Василий Головачев
Неперемещенный
Артем проснулся совершенно разбитым, словно после бурно проведенной ночи или с бодуна, хотя ни то, ни другое не имело места. Во-первых, он пил мало и только легкое вино, во-вторых, женщины, с которой можно было бы бурно провести ночь, у молодого инструктора по рукопашному бою, тренирующего спецназ Главного разведуправления, пока не появилось.
Прошлепав босыми ногами по теплому полу в ванную, Артем с недоумением посмотрел на свою помятую, с тенями под глазами, курносую физиономию, покачал головой и начал умываться. Потом подумал и залез под холодный душ, придавший ему бодрости и слегка поднявший тонус.

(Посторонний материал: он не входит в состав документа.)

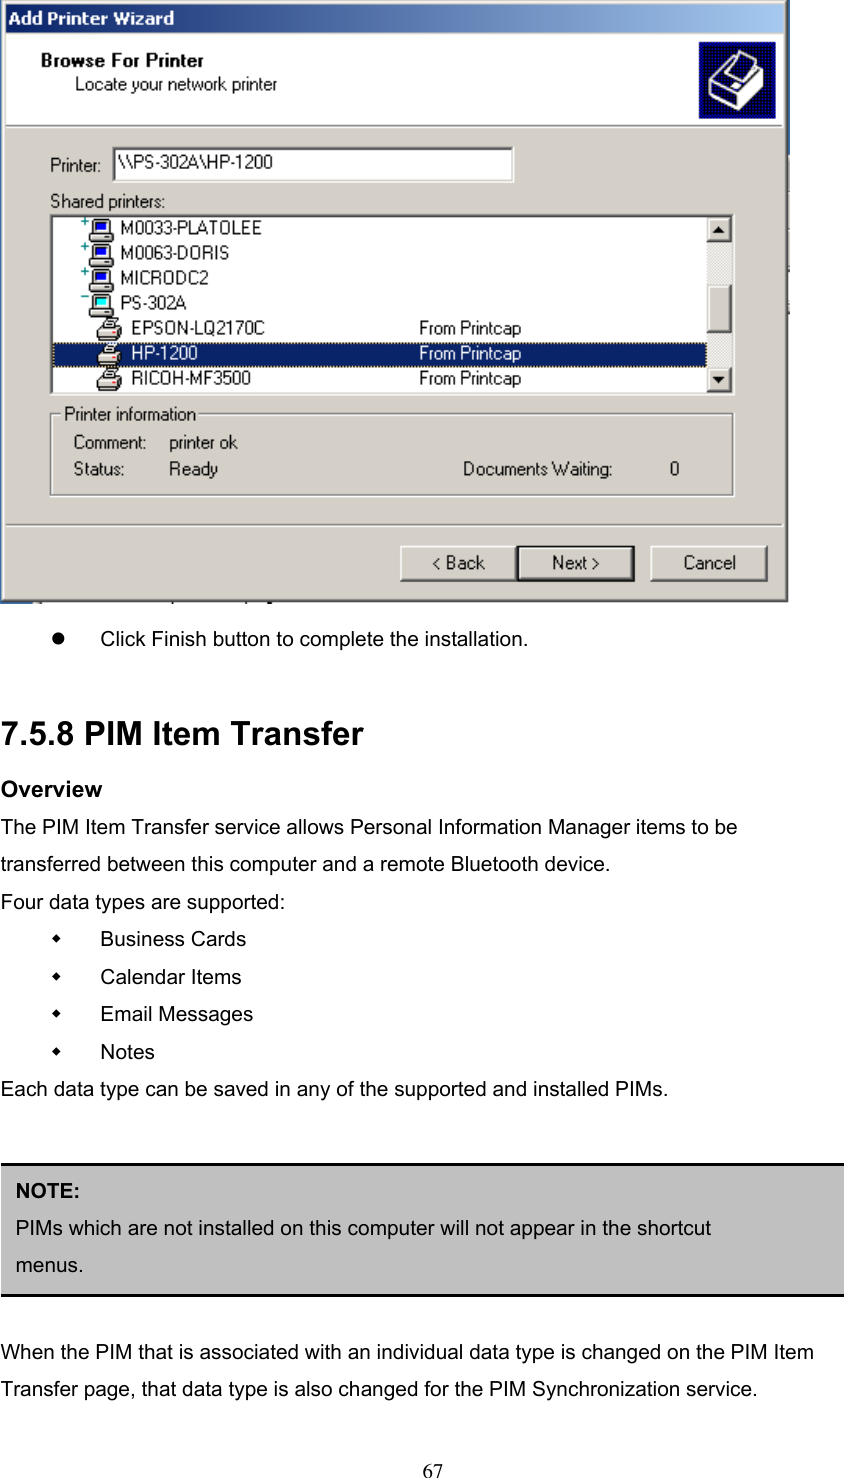    Click Finish button to complete the installation.    7.5.8 PIM Item Transfer Overview The PIM Item Transfer service allows Personal Information Manager items to be transferred between this computer and a remote Bluetooth device. Four data types are supported:   Business Cards   Calendar Items   Email Messages   Notes Each data type can be saved in any of the supported and installed PIMs.       NOTE:  PIMs which are not installed on this computer will not appear in the shortcut menus. When the PIM that is associated with an individual data type is changed on the PIM Item Transfer page, that data type is also changed for the PIM Synchronization service.  67 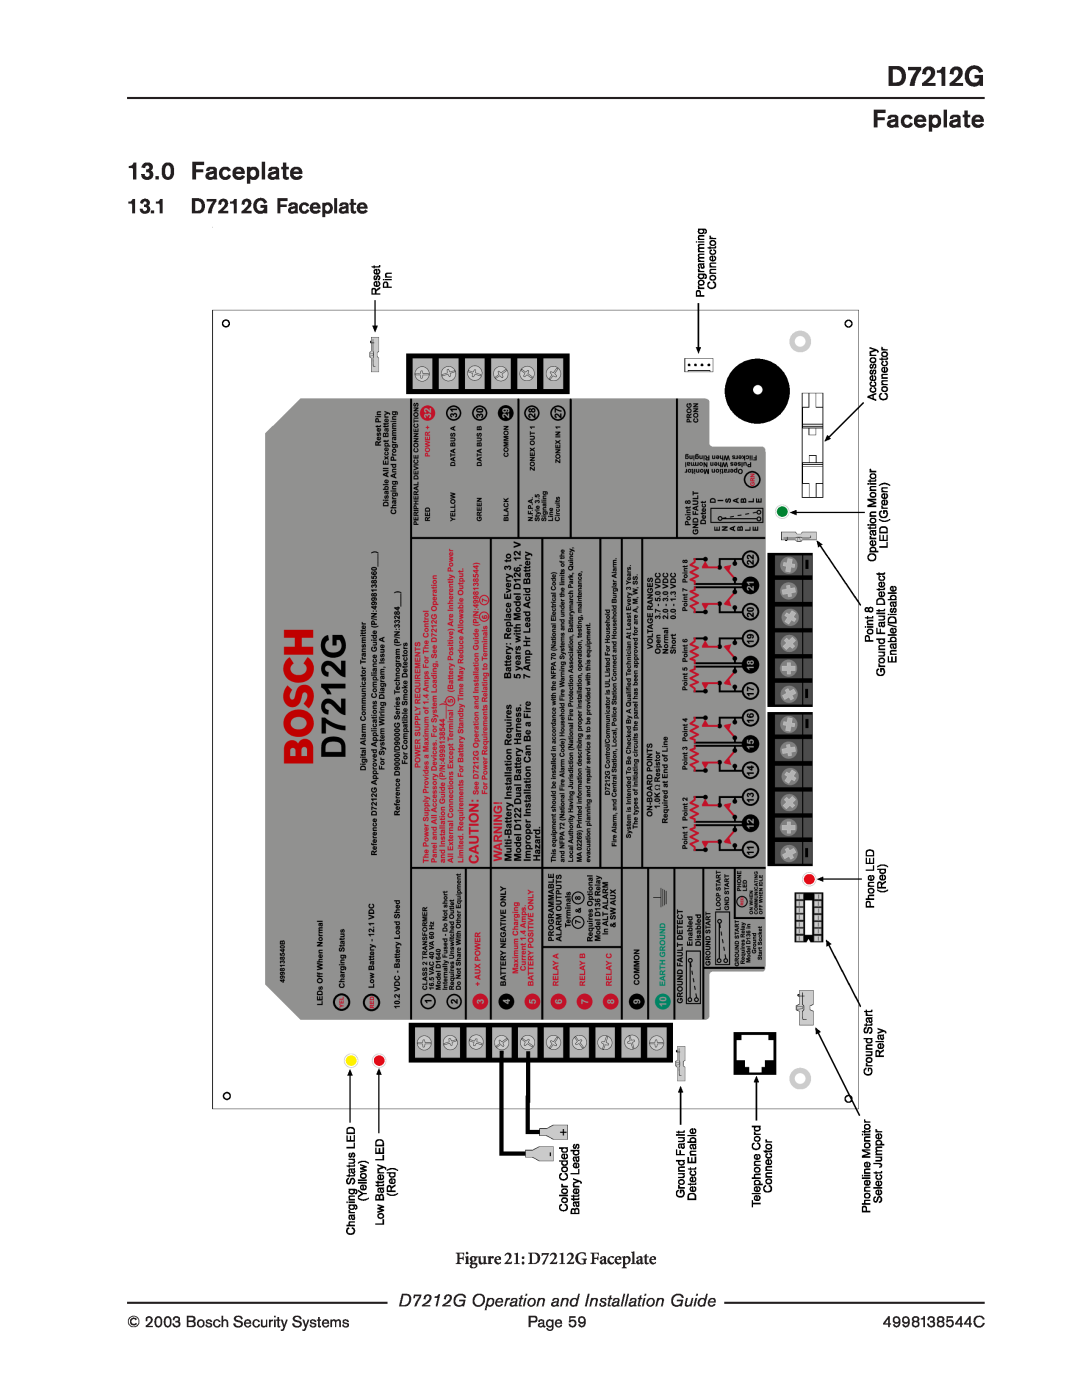 Bosch Appliances manual 13.0, 13.1, D7212G Faceplate, D7212G Operation and Installation Guide

На кухне он покопался в холодильнике и долго разглядывал его практически пустое нутро: с ним такое бывало, особенно в детстве – глаза вдруг останавливались, мысли исчезали, время переставало идти, ощущения пропадали, и сознание уходило в странную пустоту; такое состояние врачи объясняли «спонтанной медитацией», помогавшей расслабляться и избегать нервных срывов. Когда он начал заниматься боксом и карате, это состояние сначала мешало молодому парню, потом, наоборот, стало помогать ему концентрироваться и адекватно отвечать на действия противника, а потом Артем научился вызывать у себя состояние пустоты сознательным волевым усилием.
Он очнулся, вытащил из холодильника вчерашний пакет кефира, допил и бросил в мусорное ведро, заполненное почти до отказа. Пора начинать генеральную уборку, пришла светлая мысль, которая появлялась каждый раз, когда он заглядывал в ведро. Удивляясь своим невеселым ощущениям, Артем кое-как сделал зарядку, смыл пот и сварил себе кофе. Потом попытался дозвониться приятелям, девушке Вале, с которой намеревался провести вечер, начальнику спортбазы подполковнику Соловьянникову, но телефон молчал, как партизан, и в конце концов Артем махнул на него рукой. Обзвонить всех можно было и после работы.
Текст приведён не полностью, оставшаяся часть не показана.